Since the identity and addresses of the various heirs and devisees could not be ascertained from the Land Records, the Agency gave notice by publication as provided by Rule 71A(d)(3) of the Federal Rules of Civil Procedure. In addition, the Agency made an independent investigation in an attempt to locate persons with an interest in the property. Although as a result of this investigation some of the interested parties also received actual notice of the proceedings, none of them filed an answer to the Declaration of Taking. At the just compensation hearing on January 26, 1973, the United States District Court ordered payment of $10,462.50 each to the Little Sisters and St. Joseph’s based on the one-quarter interest each was shown to have by the title report. On February 7,1973, Lawyers Title received the checks from the clerk of court, and subsequently turned them over to the two charities. In May and again in September of 1975, the Administrators and Trustees filed motions to set aside the distribution orders. Both motions were denied, and the denials upheld by the United States Court of Appeals for the District of Columbia Circuit.

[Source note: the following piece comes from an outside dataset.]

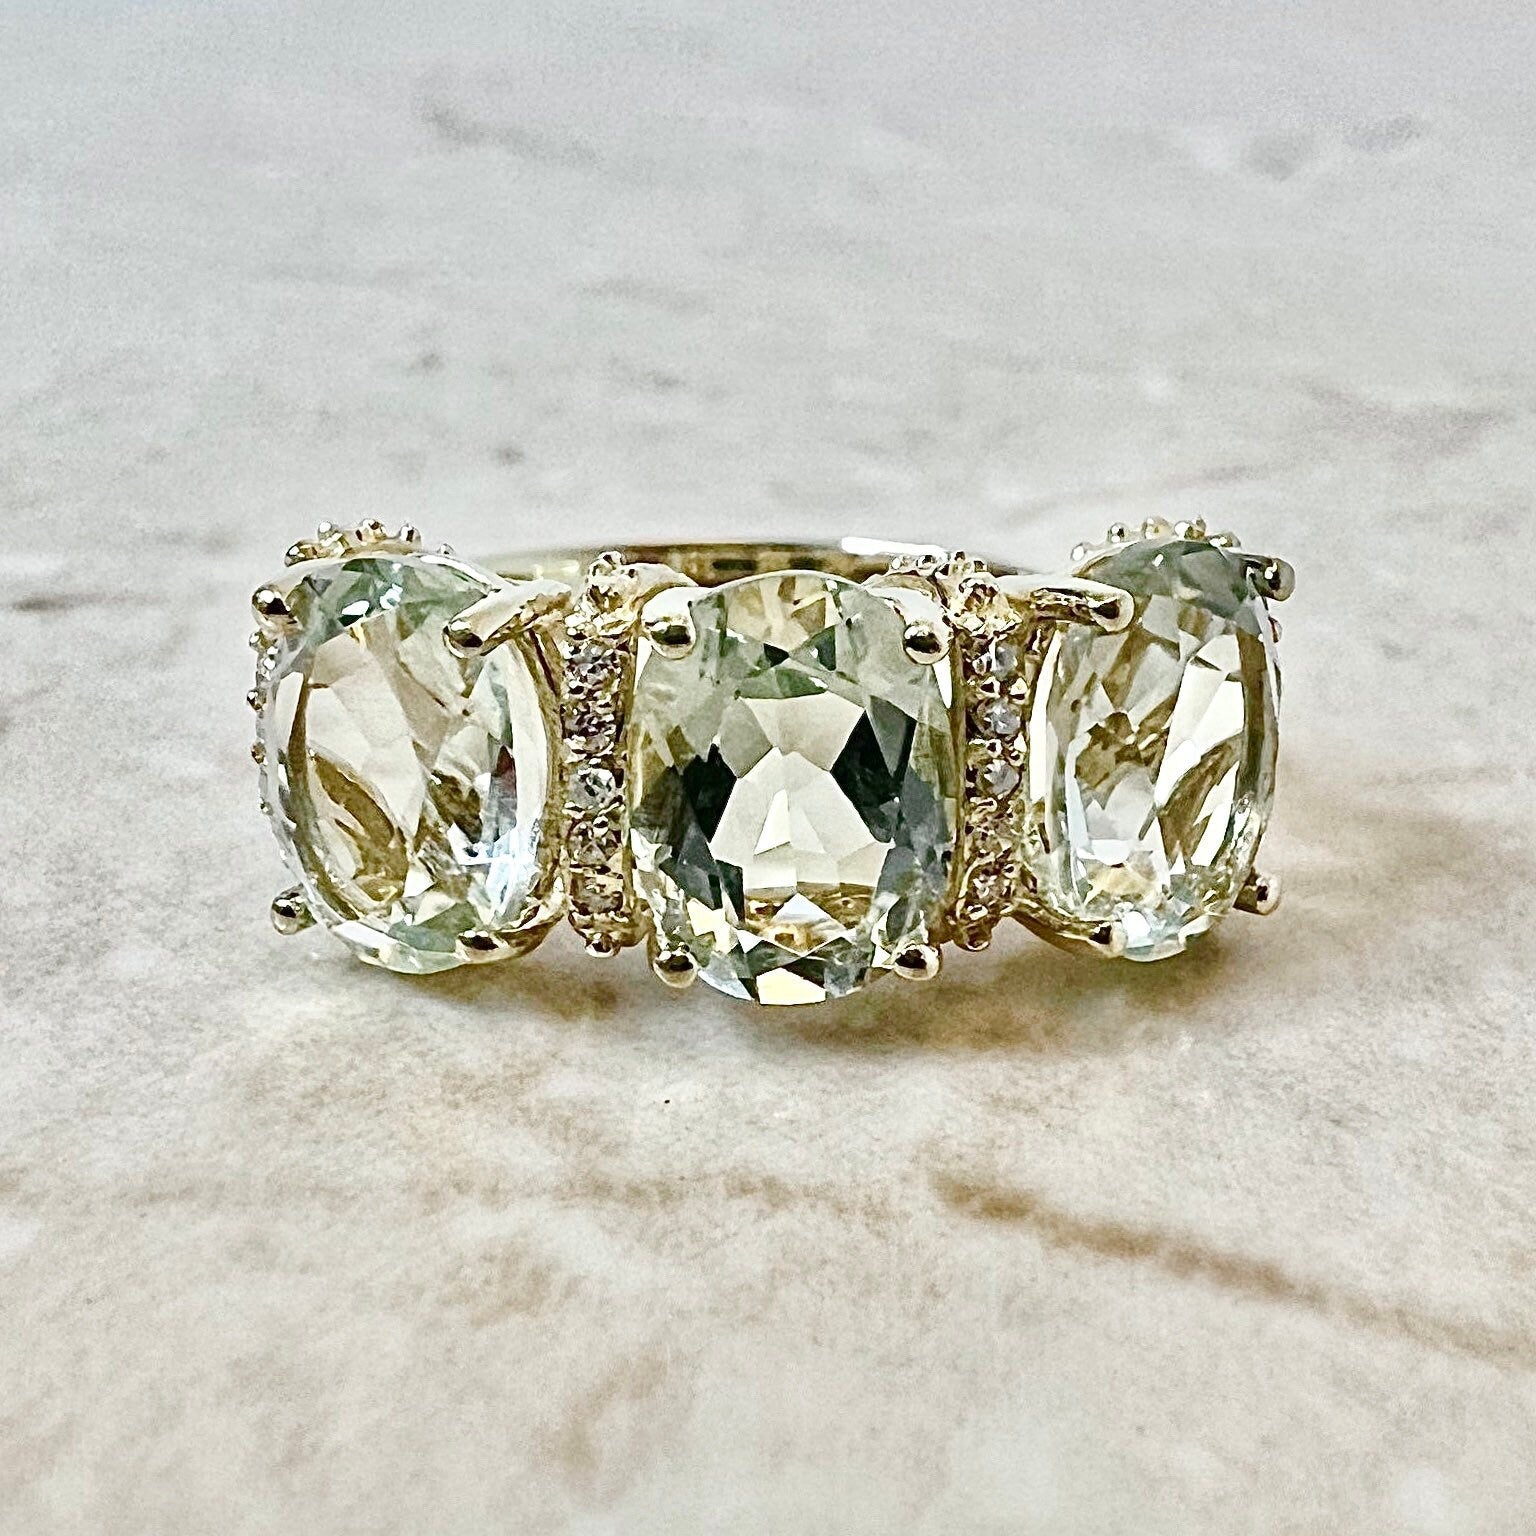 Emerald Stone Ring | Gold Ring Designs

Alleging that the Little Sisters and St. Joseph’s had no interest in the property condemned, the Administrators and Trustees then sued in Superior Court to recover from them the amount received from the condemnation award, and sued Lawyers Title for negligence in its examination of the title. The Superior Court dismissed the claims against the Little Sisters and St. Joseph’s as barred by the doctrine of res judicata, and because the complaint failed to state a claim upon which relief could be granted. The court dismissed the claim against Lawyer’s Title on the ground that it was barred by the applicable Statute of Limitations.

*595 I.

It is settled that res judicata is a complete bar to subsequent actions between parties involving the same claim or demand, and prevents the consideration not only of those issues which were litigated but also those which might have been litigated in the first action. Taylor v. England, D.C.App., 213 A.2d 821 (1965). 1 The doctrine of res judicata is equally applicable to condemnation proceedings. Annat v. Beard, 277 F.2d 554 (5th Cir. 1960); Bullen v. De Bretteville, 239 F.2d 824 (9th Cir. 1957). Yet here the principal issue which the Administrators and Trustees sought to litigate in Superior Court, that is, the right of the Little Sisters and St. Joseph’s to one-quarter interests in the condemnation award, was the very issue decided by the district court in District of Columbia Redevelopment Land Agency v. Seven Parcels of Land, No. 1278-71 (D.C.D.C., July 15,1975), aff’d, 176 U.S.App.D.C. 240, 539 F.2d 242 (1976), involving the same property.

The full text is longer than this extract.